I got a litlte bit nerd sniped by the following video and decided to implement game of life in clojure.core.logic, because any logic program can be evaluated forwards and backwards.

Without further ado here is my implementation:

(ns pepijndevos.lifeclj
  (:refer-clojure :exclude [==])
  (:use clojure.core.logic)
  (:gen-class))

;; A helper to get the neighbouring cells.
;; Clips to zero.
(defn get-neighbours [rows x y]
  (for [dx (range -1 2)
        dy (range -1 2)
        :when (not (= dx dy 0))]
    (get-in rows [(+ x dx) (+ y dy)] 0)))

;; Produces binary vectors of a certain number of bits.
;; This is used to generate all neighbour combinations.
(defn bitrange [n]
  (sort-by #(apply + %)
           (for [i (range (bit-shift-left 1 n))]
             (vec (map #(bit-and 1 (bit-shift-right i %)) (range n))))))

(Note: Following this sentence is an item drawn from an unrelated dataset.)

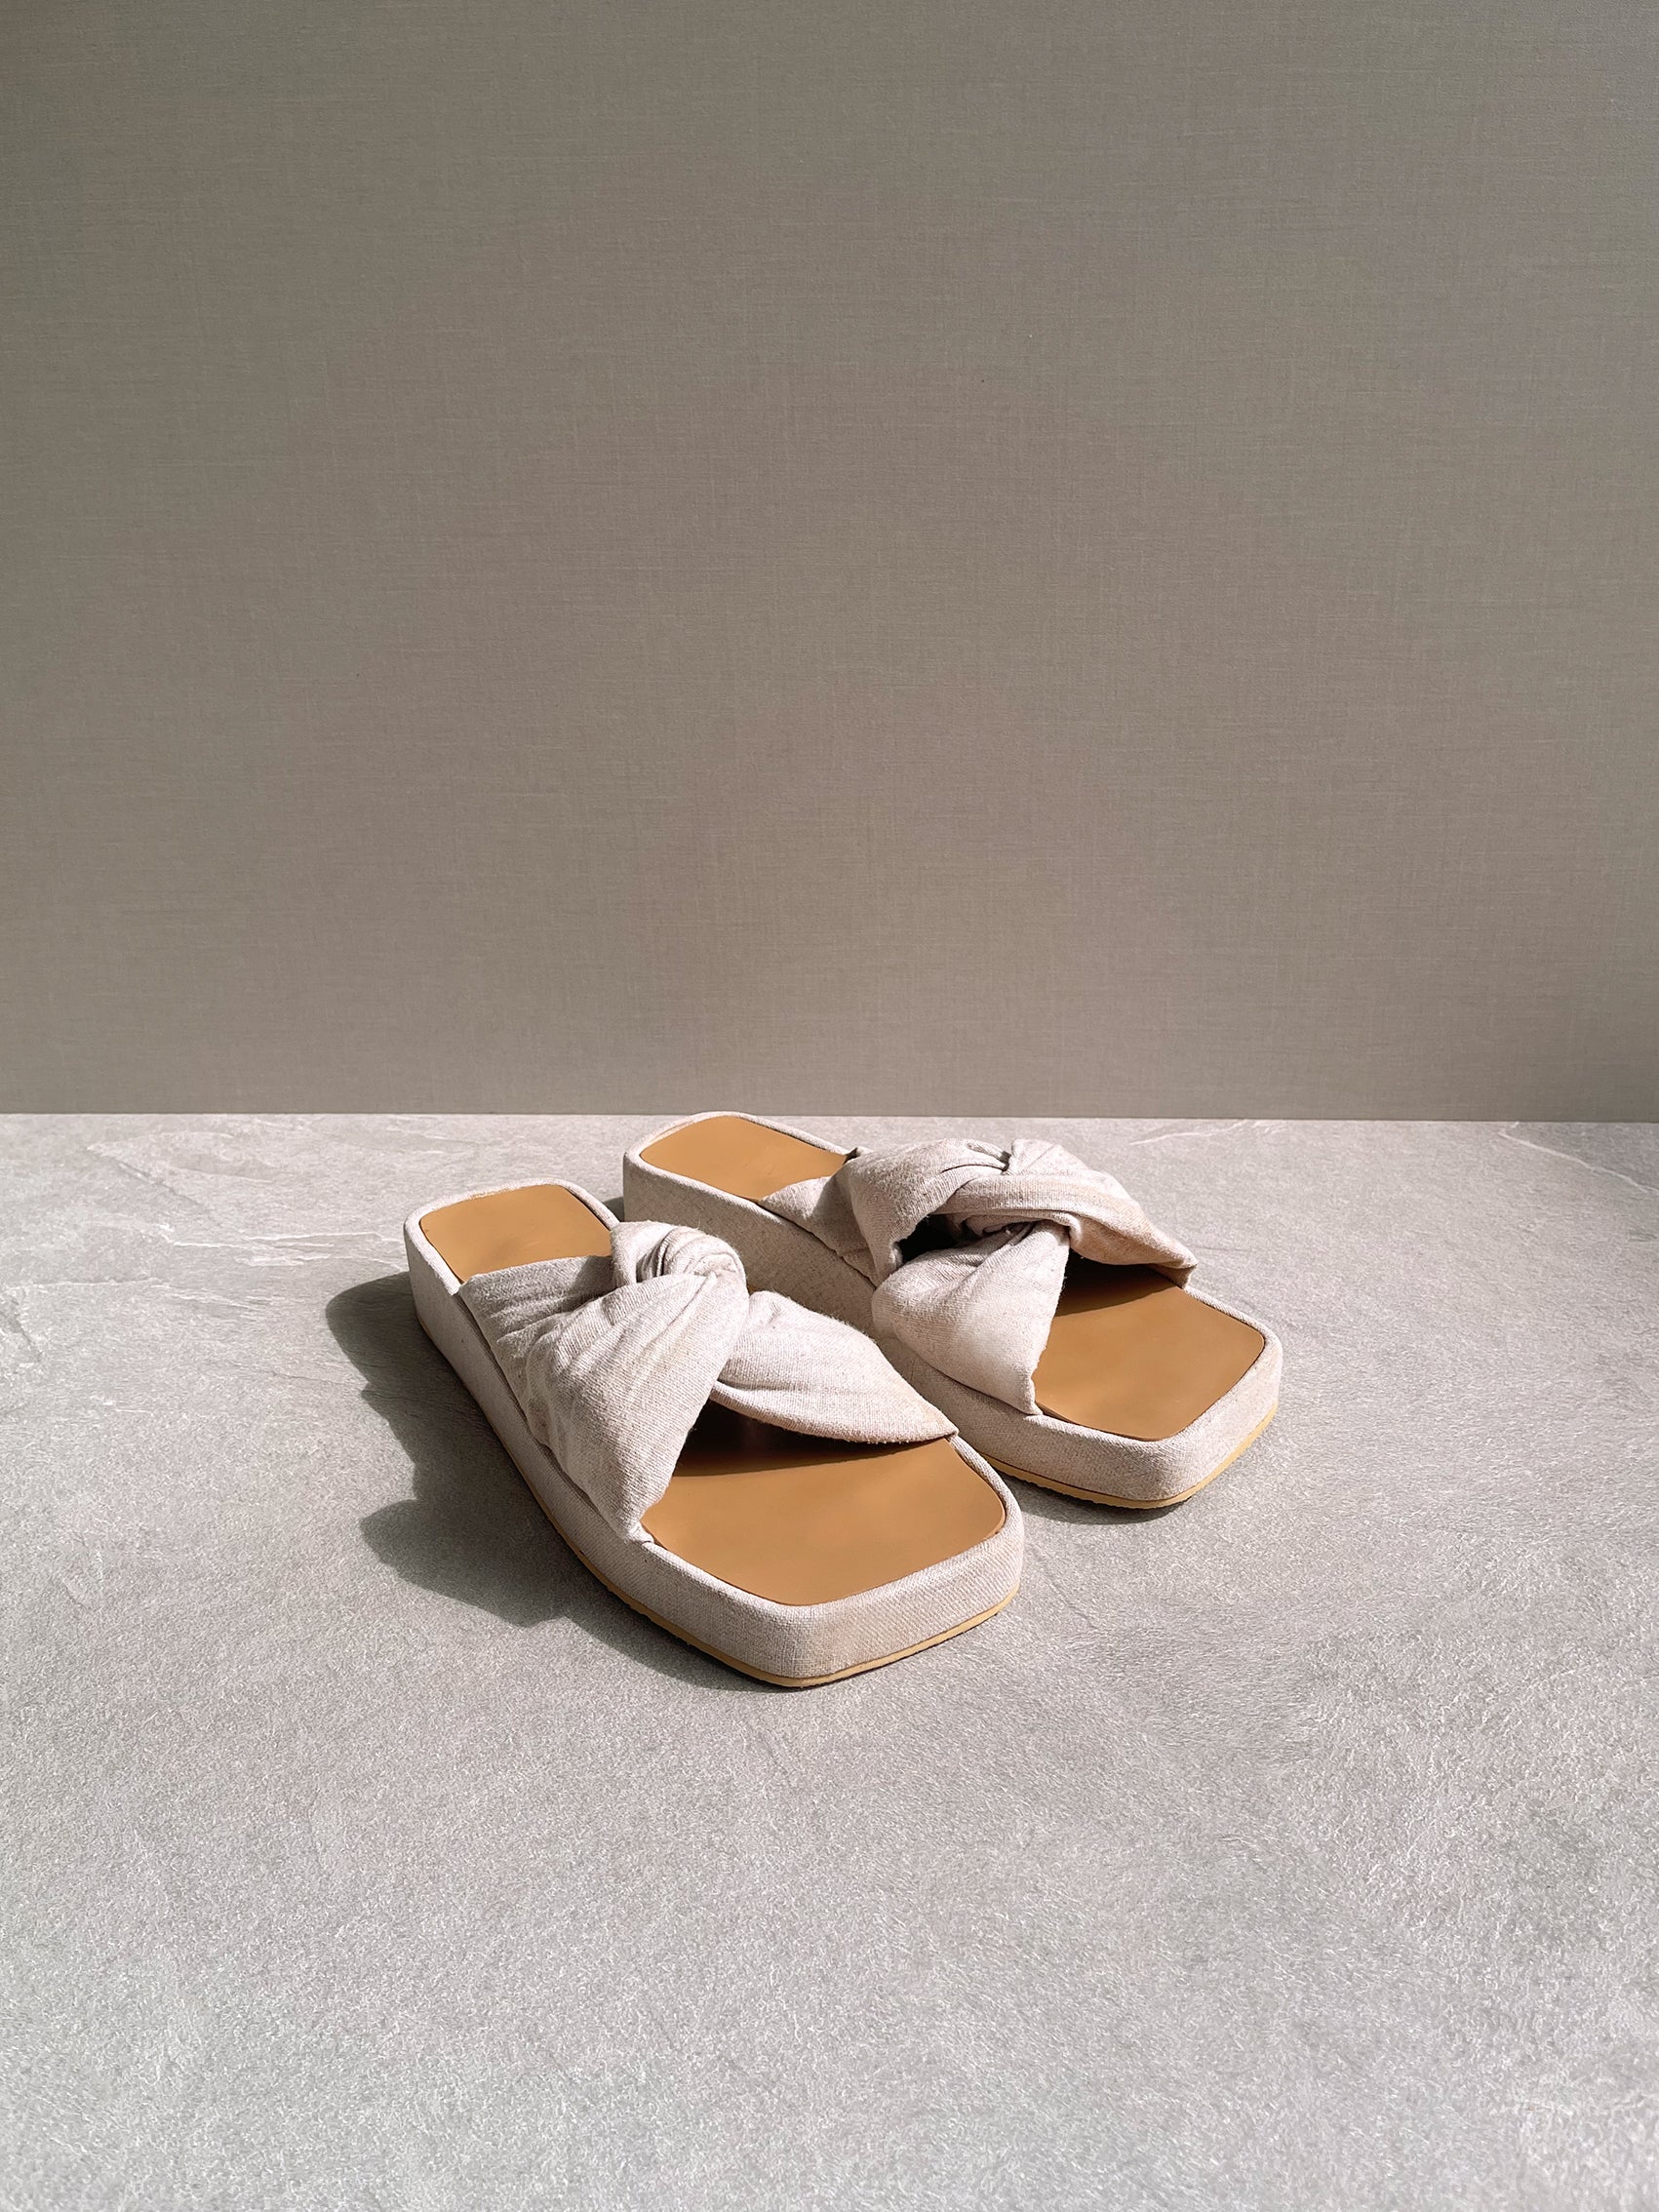 Clay Sandals In Sand

;; Encode the game of life rules as a 256 element conde.
;; Depending on the number of ones in a vector,
;; the corresponding rule is generated
;; that equates the pattern to the neigbours
;; and the appropriate next state.
;;
;; This can be asked simply what the next state is for
;; given neighbours and current state.
;; OR you could drive it backwards any way you like.
(defn lifegoals [neigh self next]
  (or*
   (for [adj (bitrange 8)
         :let [n (apply + adj)]]
     (cond
       (or (< n 2) (> n 3)) (all (== next 0) (== neigh adj))
       (= n 3)              (all (== next 1) (== neigh adj))
       :else             (all (== next self) (== neigh adj))))))

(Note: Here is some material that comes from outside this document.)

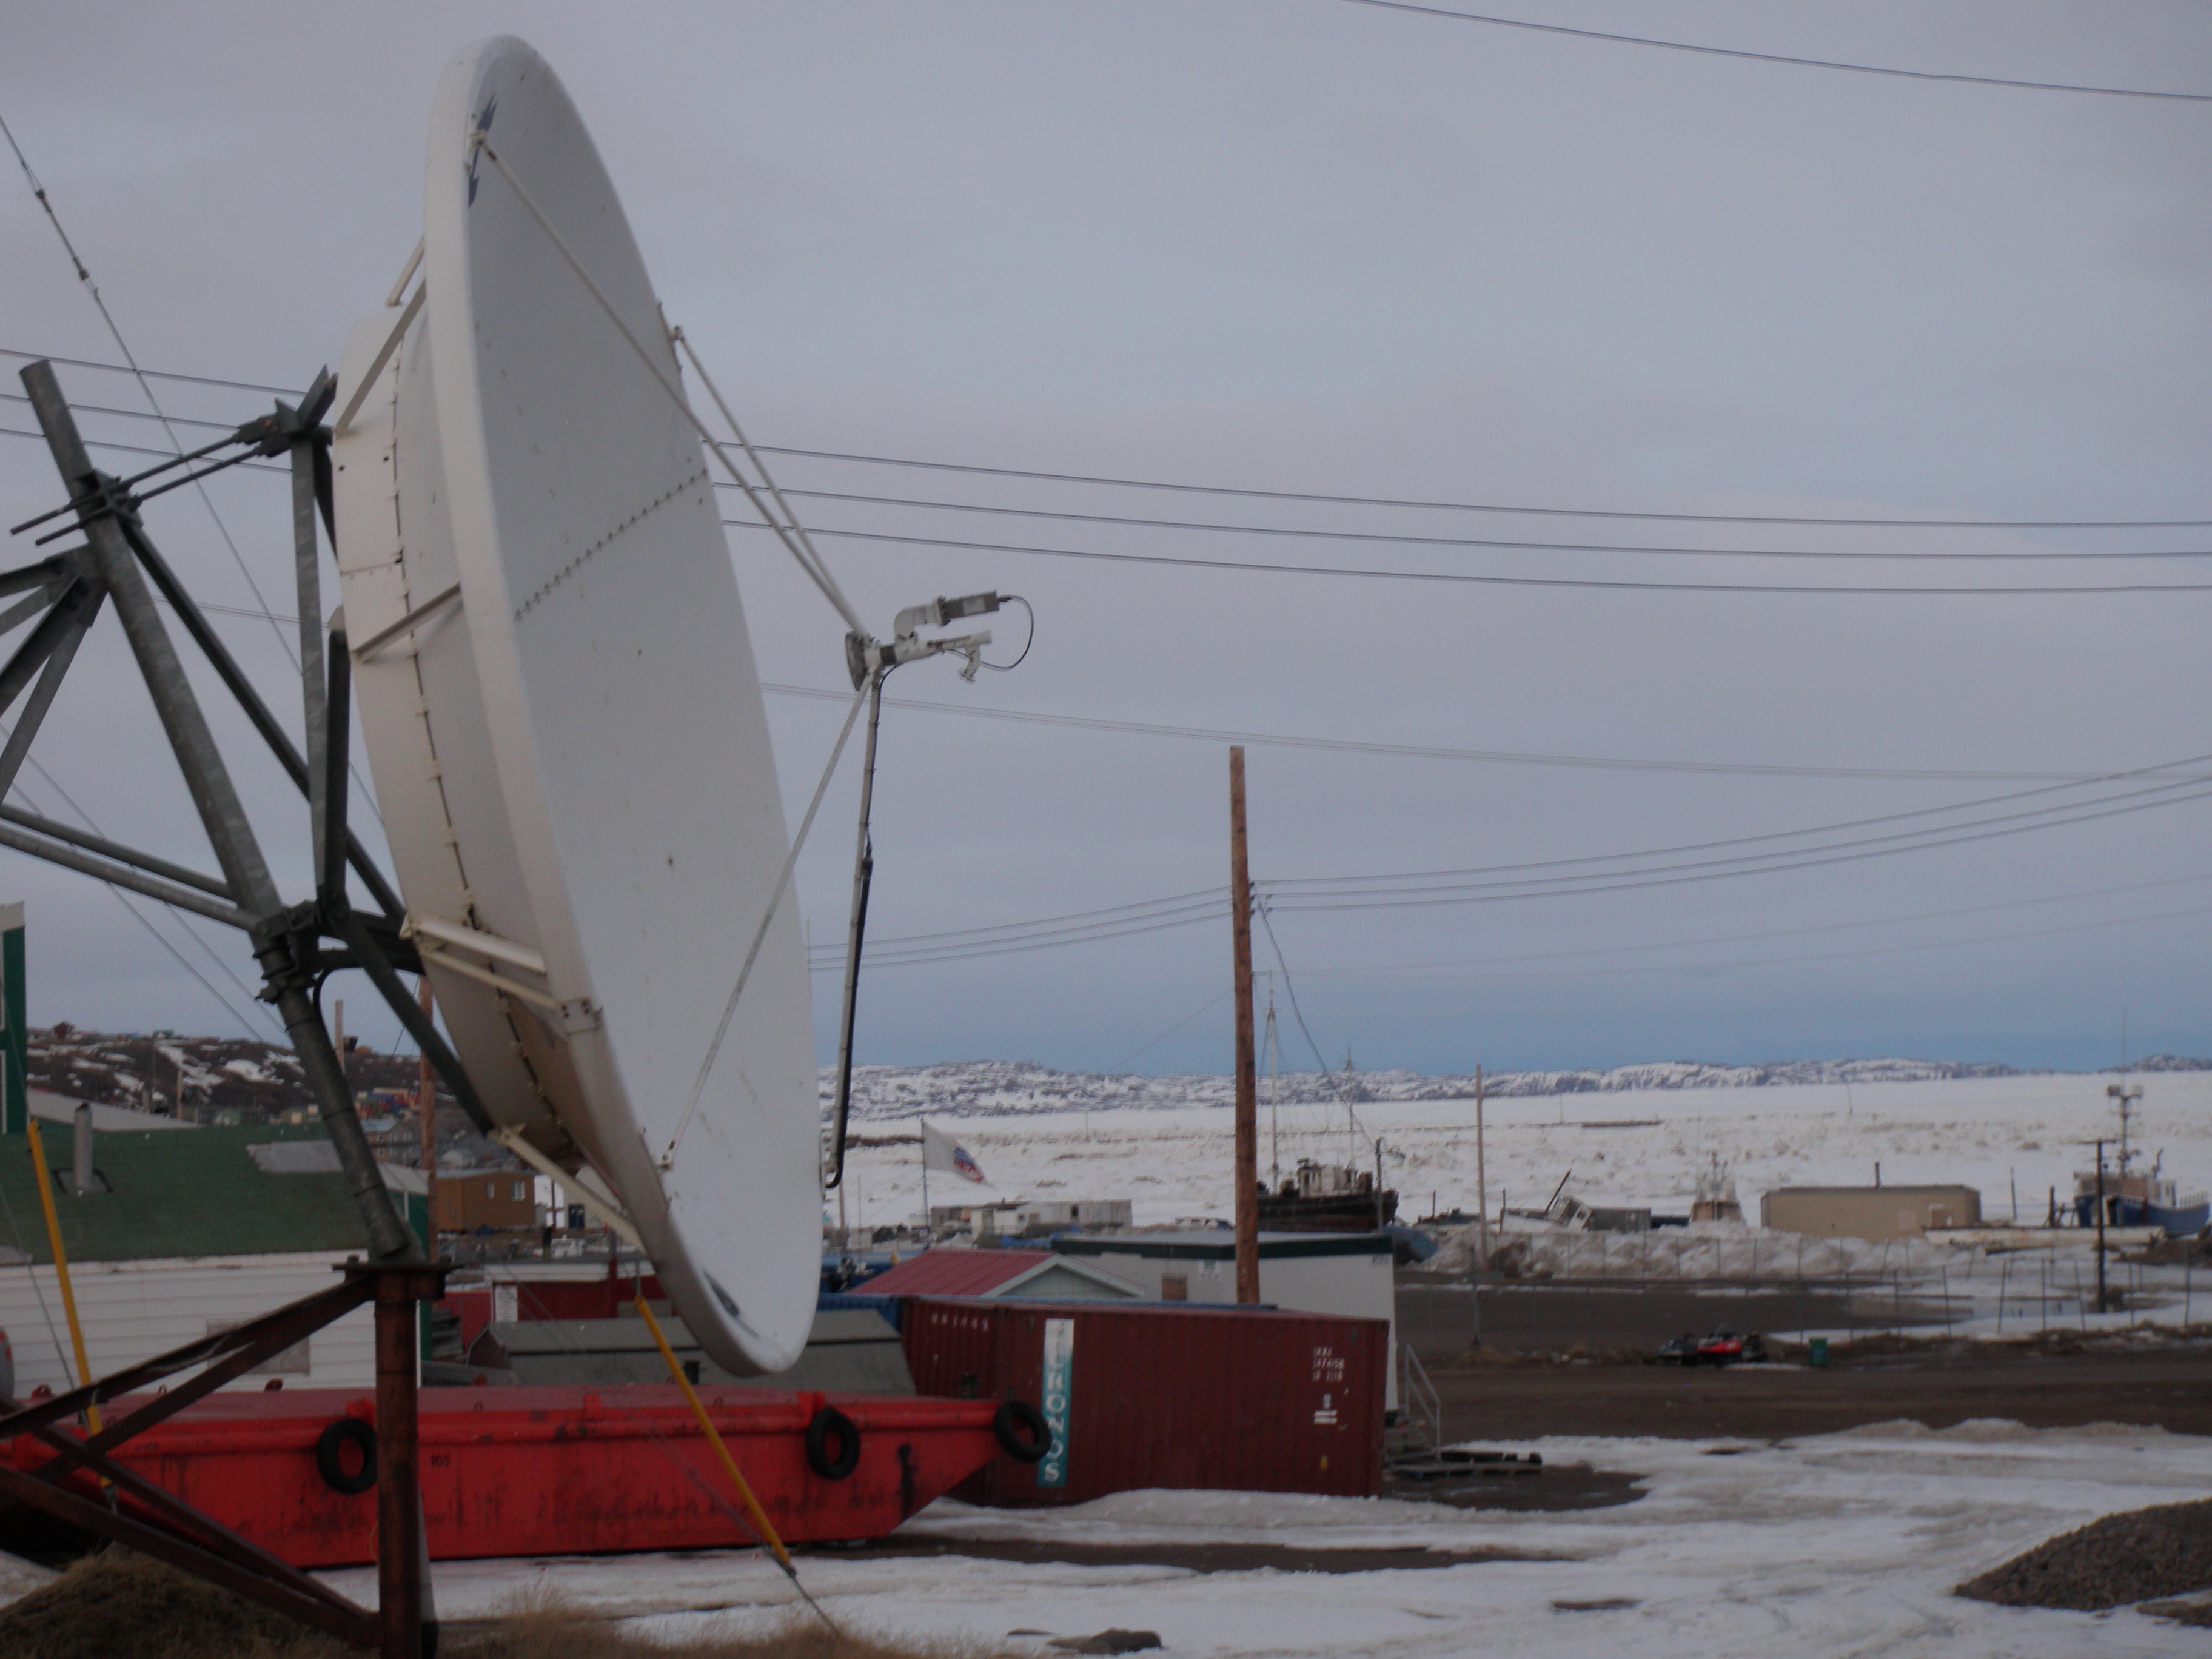 The Canadian Coast Guard Centre in Iqaluit July 2015. Academics recommended more satellite coverage for the Arctic to improve Canada's surveillance capabilities at a Nov 24 standing committee meeting in Ottawa. (Brian Pehora)

;; Relate two grids to each other according to the above rules.
;; Applies lifegoals to every cell and its neighbours.
;; in the forwards direction executes one life step,
;; in the backwards direction generates grids
;; that would produce the next step.
(defn stepo [size vars next]
  (let [rows (->> vars (partition size) (map vec) (into []))
        neig (for [x (range size)
                   y (range size)]
               (get-neighbours rows x y))]
    (everyg #(apply lifegoals %) (map vector neig vars next))))

;; Make a grid of unbound variables.
(defn grid [size] (repeatedly (* size size) lvar))

;; Simply execute a life step on the state.
(defn fwdlife [size state]
  (let [vars (grid size)
        next (grid size)]
    (run 1 [q]
         (== q next)
         (== vars state)
         (stepo size vars next))))

;; Produce three backward steps on state.
(defn revlife [size state]
  (let [start (grid size)
        s1 (grid size)
        s2 (grid size)
        end (grid size)]
    (run 1 [q]
          (== q [start s1 s2 end])
          (== end state)
          (stepo size s2 end)
          (stepo size s1 s2)
          (stepo size start s1)
         )))

;; Nicely print the board.
(defn printlife [size grids]
  (doseq [g grids]
    (doseq [row (->> g (partition size) (map vec) (into []))]
      (doseq [t row]
        (print t ""))
      (print "\n"))
    (print "\n")))

;; Test with a glider.
(defn -main [& args]
  (->> [0 0 0 0 0 0
        0 0 0 0 0 0
        0 0 0 1 1 0
        0 0 1 1 0 0
        0 0 0 0 1 0
        0 0 0 0 0 0]
       (revlife 6)
       first
       (printlife 6)))

output:

$ clj -Mrun
1 0 1 0 1 1 
1 0 0 0 0 1 
0 0 1 0 0 0 
0 0 0 0 0 1 
1 0 1 1 0 0 
1 0 1 1 1 1 

0 1 0 0 1 1 
0 0 0 1 1 1 
0 0 0 0 0 0 
0 1 1 1 0 0 
0 0 1 0 0 1 
0 0 1 0 1 0 

0 0 0 1 0 1 
0 0 0 1 0 1 
0 0 0 0 0 0 
0 1 1 1 0 0 
0 0 0 0 1 0 
0 0 0 1 0 0 

0 0 0 0 0 0 
0 0 0 0 0 0 
0 0 0 1 1 0 
0 0 1 1 0 0 
0 0 0 0 1 0 
0 0 0 0 0 0

Sadly, this is nowhere near fast enough to solve the play button problem.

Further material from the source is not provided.